Evidence-based rule-making must remain at the heart of any review
While the exact nature and scope of any proposed amendments to the AI Act have yet to be defined, the possibility of reopening a law, most of which remains unenforceable to date, signals a concerning alignment with open-ended industry calls for simplification. In a document titled the “EU Economic Blueprint”, US-based OpenAI notes that the “sheer breadth and quantity of EU regulations hamper innovation, slow economic growth, and pose an existential challenge” to the EU’s future, prompting policymakers to assess which “rules strengthen the EU’s AI sector and should be preserved, versus which ones are holding it back and should not.”
In Europe, the EU AI Champions Initiative—which is backing 150 billion EUR of the 200 billion InvestAI package announced by the European Commission towards AI innovation—has made similar arguments. In their position paper, the AI Act is alleged to have created market uncertainty through unclear risk categorization, “causing businesses to hesitate in AI adoption.” Several other trade associations and companies have echoed similar arguments, building increasing pressure on the European Commission to apply a broad-brush approach in their review of the AI Act. Experience indicates that there is a real risk of this approach materializing in the context of the AI Act.

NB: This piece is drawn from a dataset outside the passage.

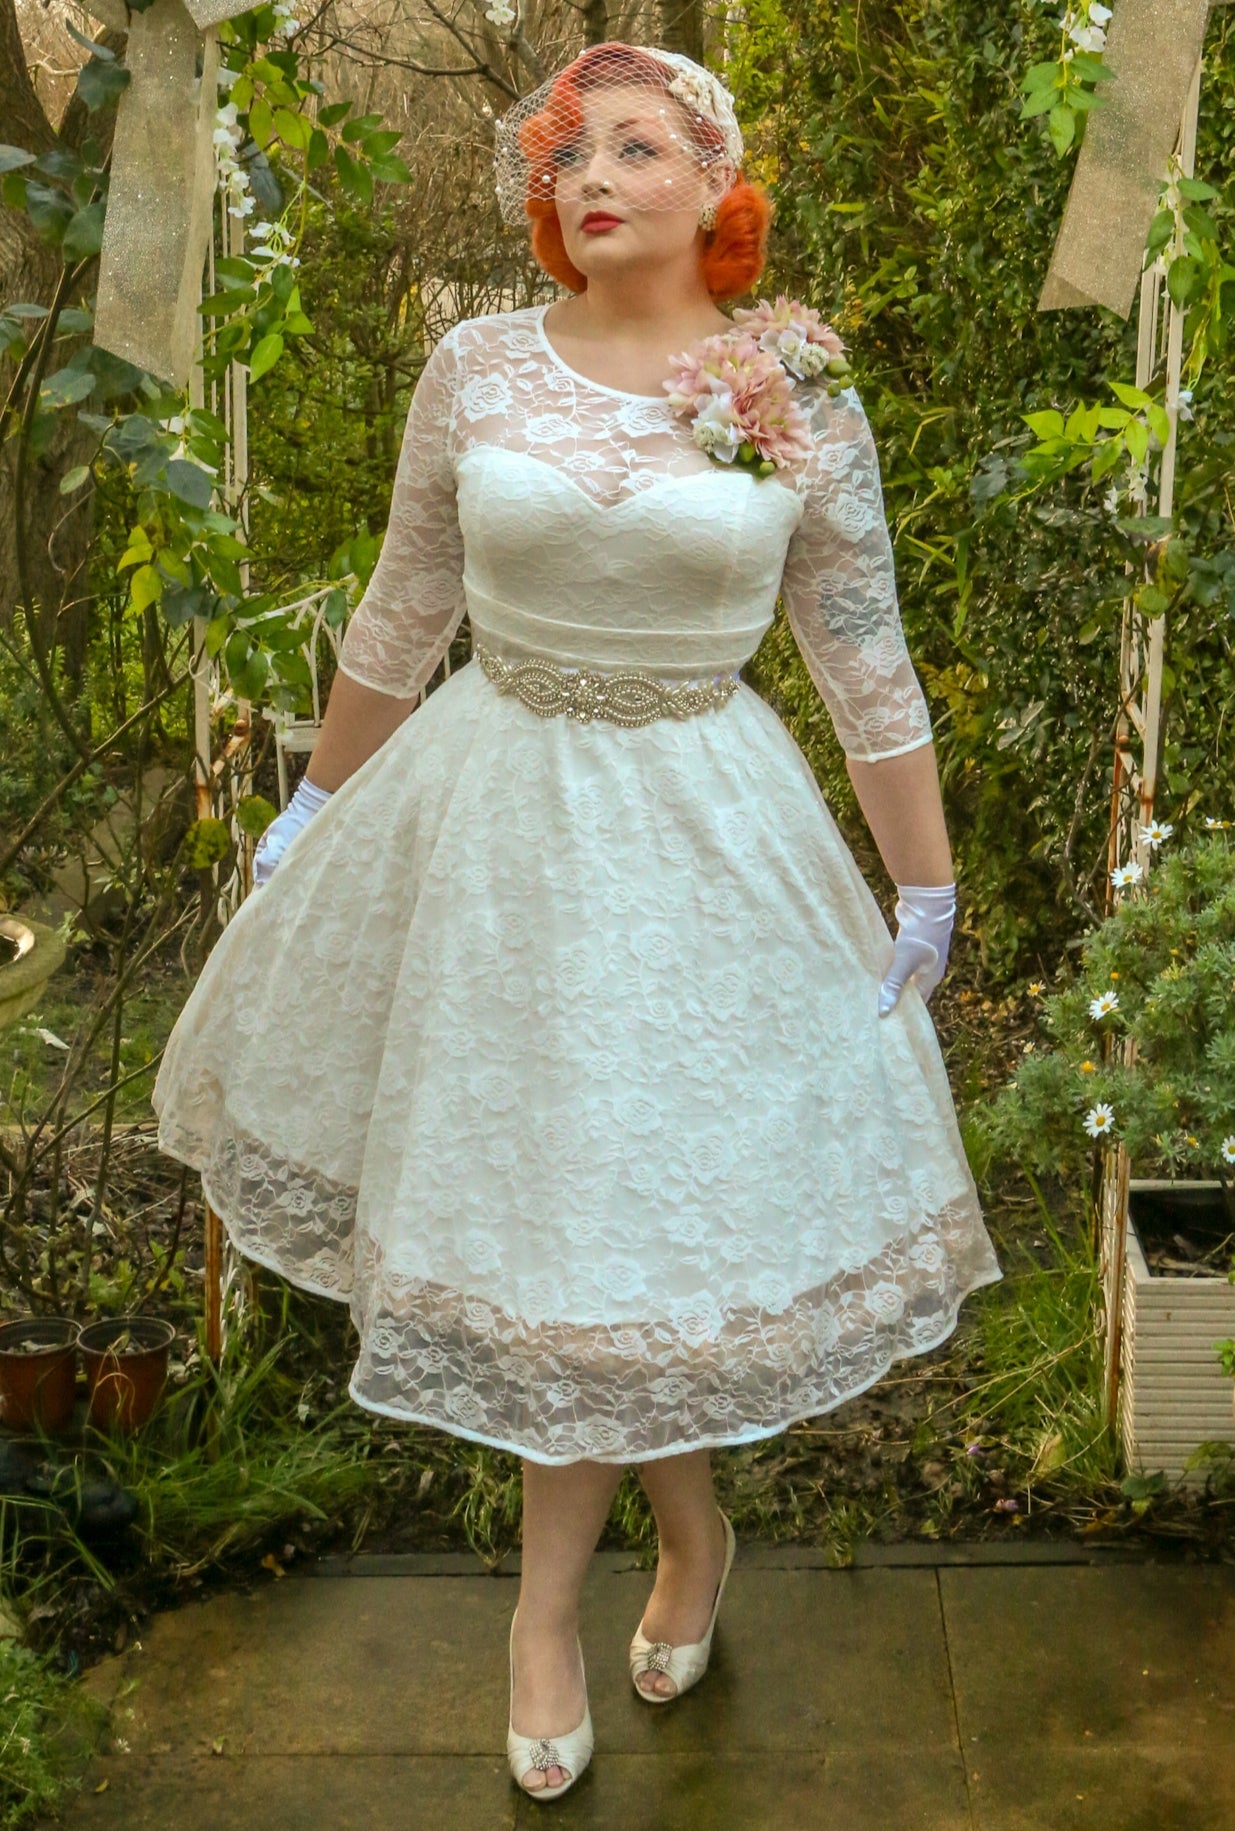 Customer wears our lace covered, sleeved vintage-style wedding dress

The first simplification initiative brought forward this year—the first omnibus package tackling a directive on corporate sustainability and due diligence—is a good example of how seemingly narrow amendments can result in a significant dilution of the targeted legal frameworks. Originally intended to reduce overlapping obligations, the changes made stripped away the core purpose of the laws, and were put forward without an open or robust consultation, leading a coalition of environmental NGOs to bring a complaint before the EU Ombudsman, who has now opened an inquiry. What took place was not “simplification”, but full-scale deregulation, based on the input of a selected group of stakeholders where industry representatives and their interests were drastically over-represented. The approach not only flouted the better lawmaking guidelines, but also resulted in amendments that overwhelmingly benefited industry actors at an enormous cost to individuals and fundamental rights.
The European Commission cannot allow these mistakes to be repeated and must apply the lessons learned. At a time when the European Union seeks to assert its sovereignty, the European approach to AI innovation should be firmly rooted in EU values and fundamental rights, and any review of the existing legislative framework should be premised on a rich body of evidence beyond generalized industry resistance to rules.
As the AI Act becomes increasingly threatened, decision-makers should ensure that any amendments under consideration are broadly consulted on and their impact robustly assessed before laying down a proposal. Failure to do so will threaten the core strengths of the EU digital rulebook, and the hard-fought fundamental rights protections secured in the AI Act.